За неплотно сидящим в обрезиненной раме, слегка дребезжащим боковым стеклом проплывала знакомая до мелочей панорама Москвы. Если бы не по-восточному крикливая расцветка двигавшихся сплошным потоком автомобилей, та сторона бывшего Нового Арбата, на которую взирал сейчас Мансур, мало отличалась бы от знакомой с юношеских лет. Те же высотные дома, похожие на сигаретные пачки, светящиеся окна которых, по рассказам старших, в советские, естественно, времена по праздникам складывались в огромные буквы «СССР», то же здание «Дома книги», превращенное теперь в продуктовый супермаркет, та же яркая зелень…
– Куда дальше, эфенди? – почтительно спросил таксист, старавшийся пореже дышать, чтобы своим дыханием, пропитанным ароматами чеснока и бобовой похлебки, не осквернить воздуха, который с ним вынужден делить один из «небожителей», после того, как, проехав проспект из конца в конец и развернувшись, они оказались почти в том месте, откуда и начался маршрут, – то есть напротив мечети.
– Останови здесь, – бросил Мансур, лениво роясь двумя пальцами в кармашке бумажника.
Небо сегодня было несказанно милосердно к бедняку: когда, не слушая благодарностей шофера, блистательный господин покинул автомобиль и Ахмет разглядел большую блестящую монету, которой тот одарил его за странную поездку никуда, то едва не лишился чувств – целых десять томанов, настоящее серебро!
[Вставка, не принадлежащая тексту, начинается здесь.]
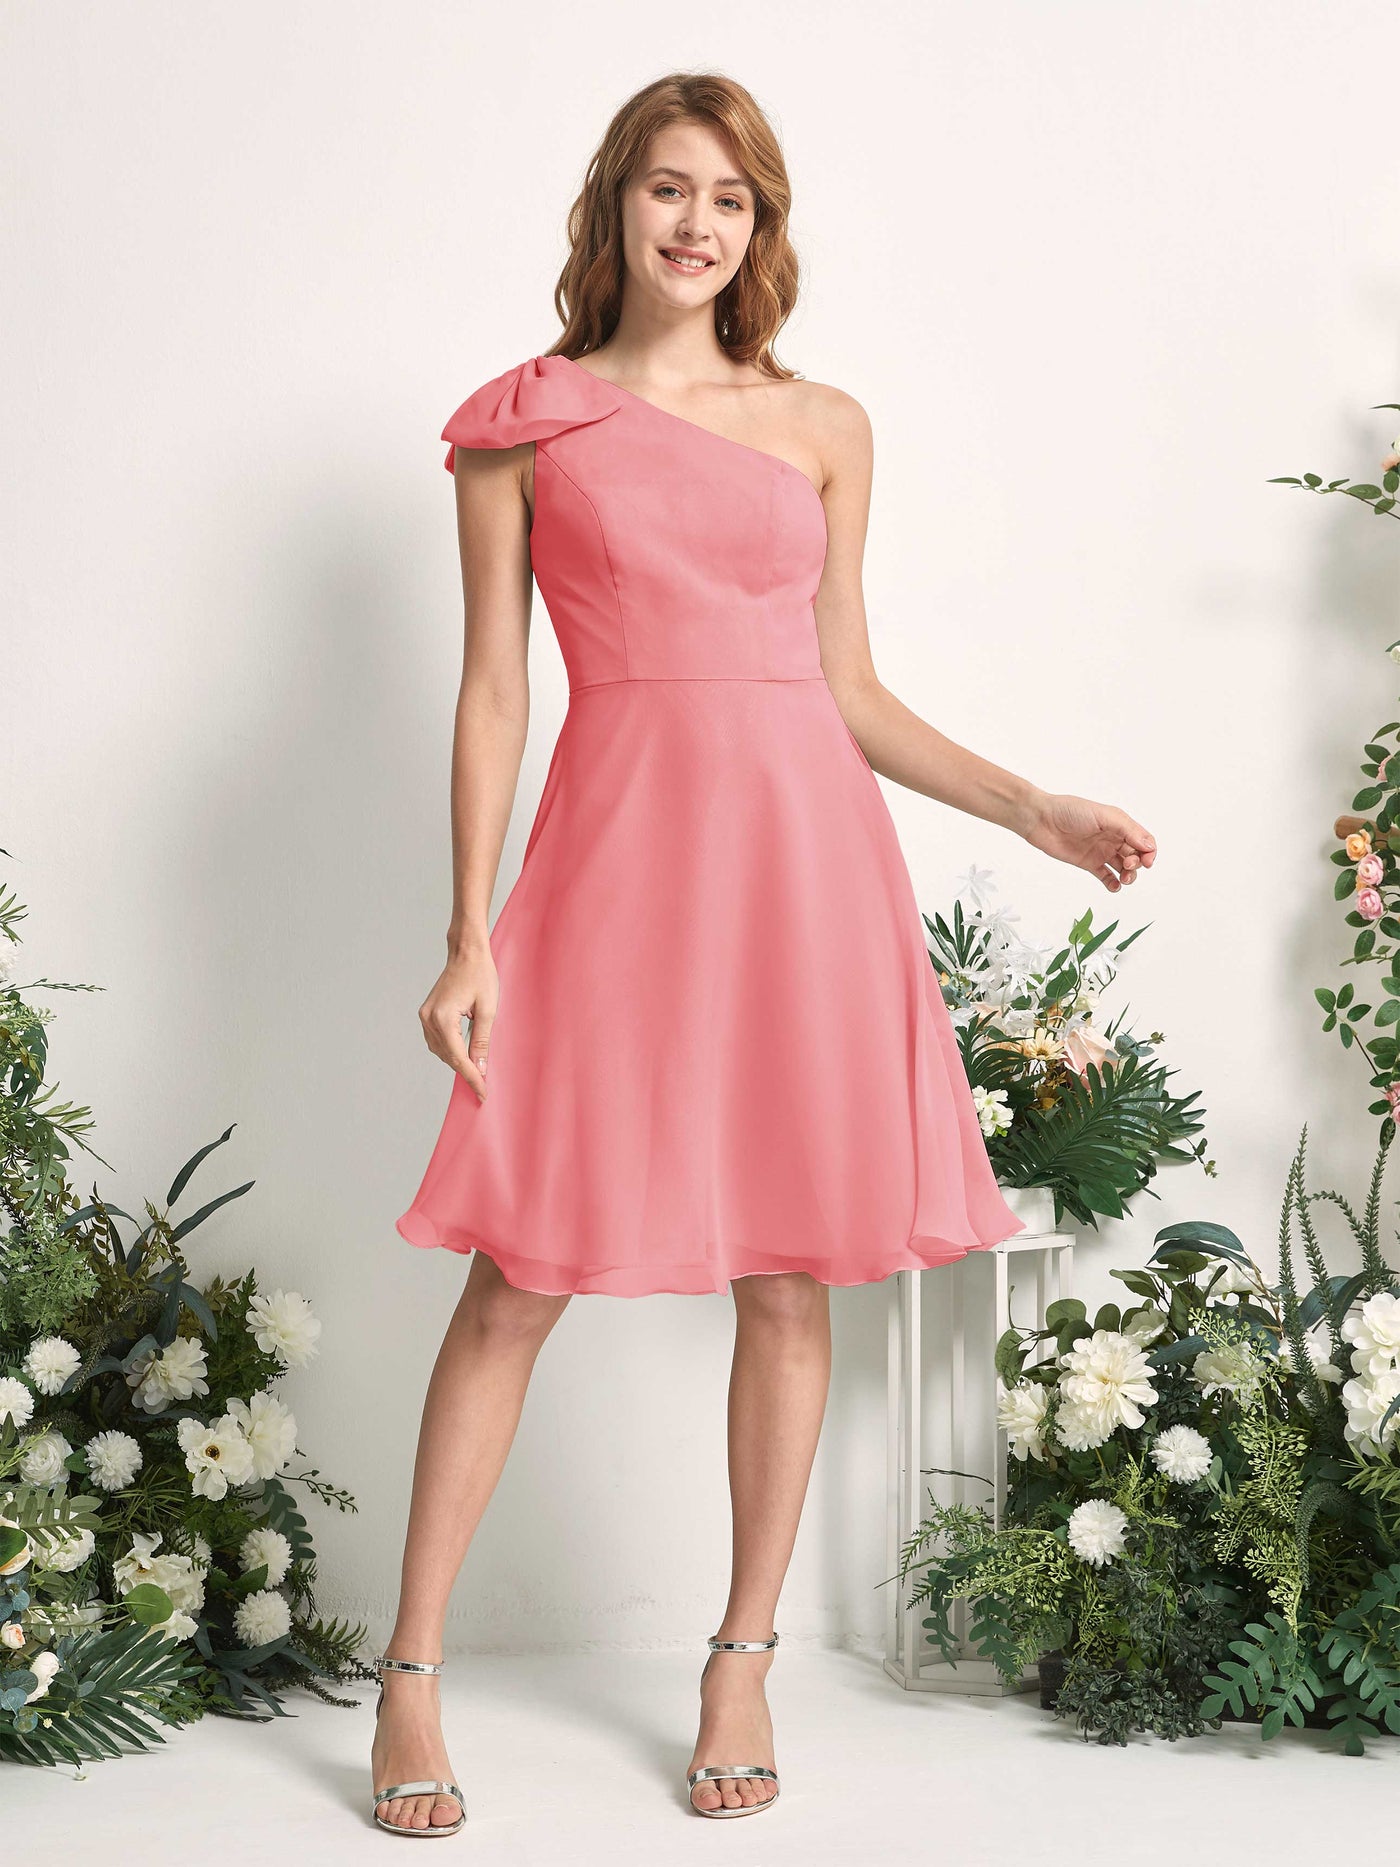 Bridesmaid Dress A-line Chiffon One Shoulder Knee Length Sleeveless Wedding Party Dress - Coral Pink (81227030)#color_coral-pink
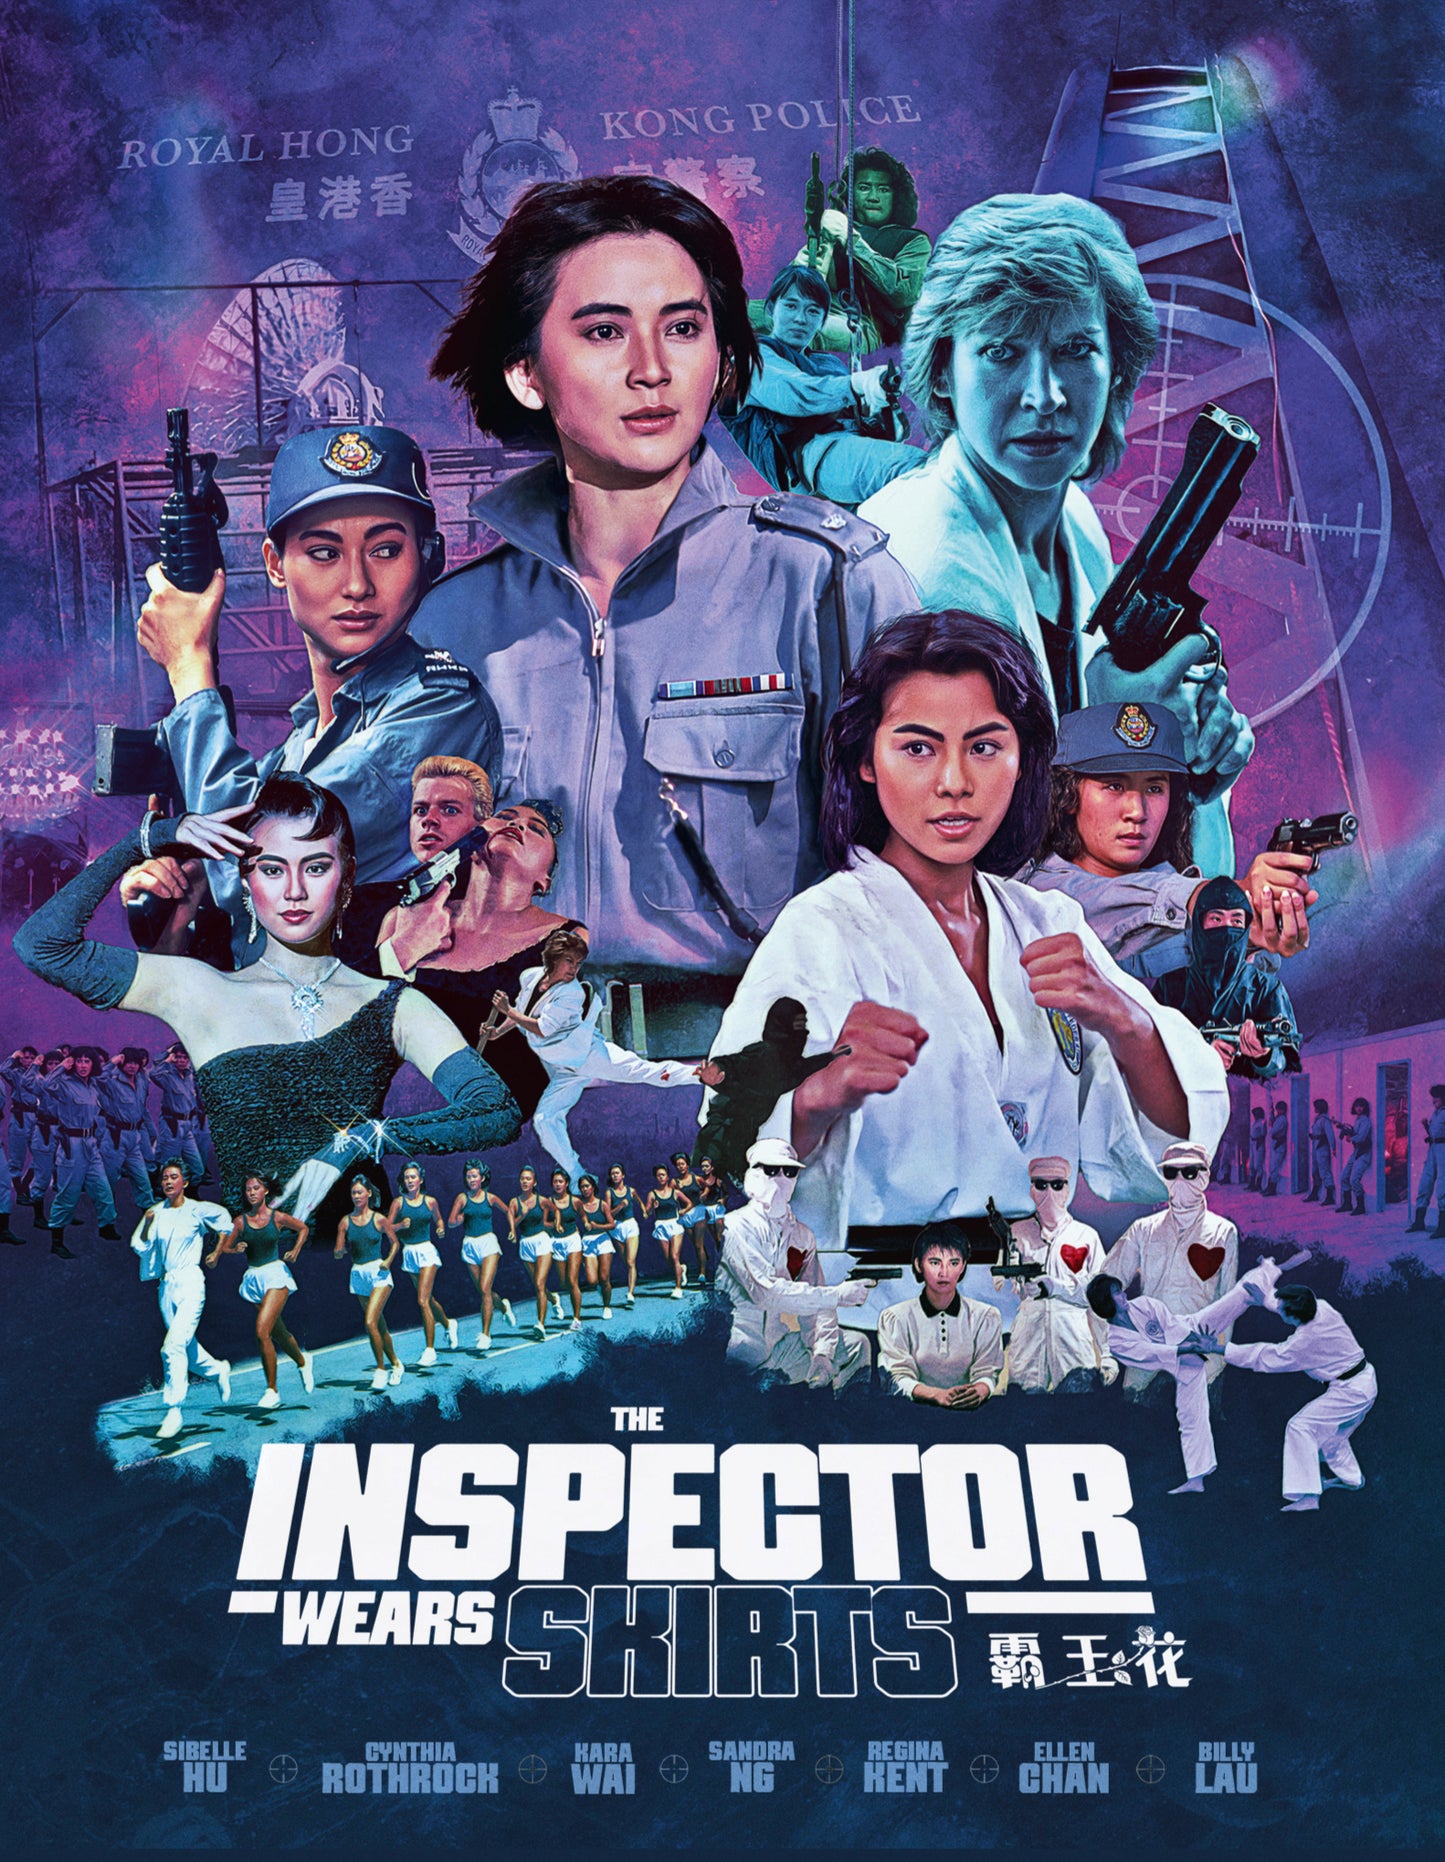 The Inspector Wears Skirts Blu-ray with Limited Edition Slipcover (88 Films U.S.)

Суетливо попробовав на зуб монету и убедившись, что не спит и не бредит, Ахмет выскочил из такси и помчался за удаляющейся по тротуару фигурой в белом костюме.
– Эфенди, эфенди! Подождите! Вы, наверное, ошиблись!
Господин в белом махнул рукой, даже не обернувшись, как на надоевшую муху, а плечо таксиста вдруг оказалось зажатым, словно стальными тисками.
– Ты свободен! – прошипел ему прямо в лицо невзрачный, смахивающий на ящерицу-геккона человечек, гораздо ниже ростом, чем Ахмет, но почему-то показавшийся вчерашнему крестьянину, и так перепуганному насмерть, громадным и свирепым сказочным дэвом. – Убирайся отсюда пока цел, земляной червяк!
Стальные тиски, сжимавшие плечо, разжались, и таксист опрометью кинулся к оставленной машине, не помня себя от страха.
Десять томанов – это как раз та сумма, которой не хватало Ахмету на взятку, необходимую для поступления его старшего сына на первый курс аграрного колледжа! Вот и не верь после этого мулле Раджаб-Ходже, который всегда готов проповедовать односельчанам о неизбывных милостях Аллаха к скромным и покорным труженикам. Ведь этот господин в белом – наверняка ни кто иной, как сам Господь, сошедший с небес, чтобы отблагодарить Ахмета за все его горести и нужду, перенесенные на родине и на чужбине. Недаром это чудо случилось около этой прекрасной мечети! Да и сама эта поездка – от мечети к мечети – не доказательство ли святости странного пассажира? А суровый страж его – не архангел ли Азраил? Просто огненный меч его не виден на грешной земле…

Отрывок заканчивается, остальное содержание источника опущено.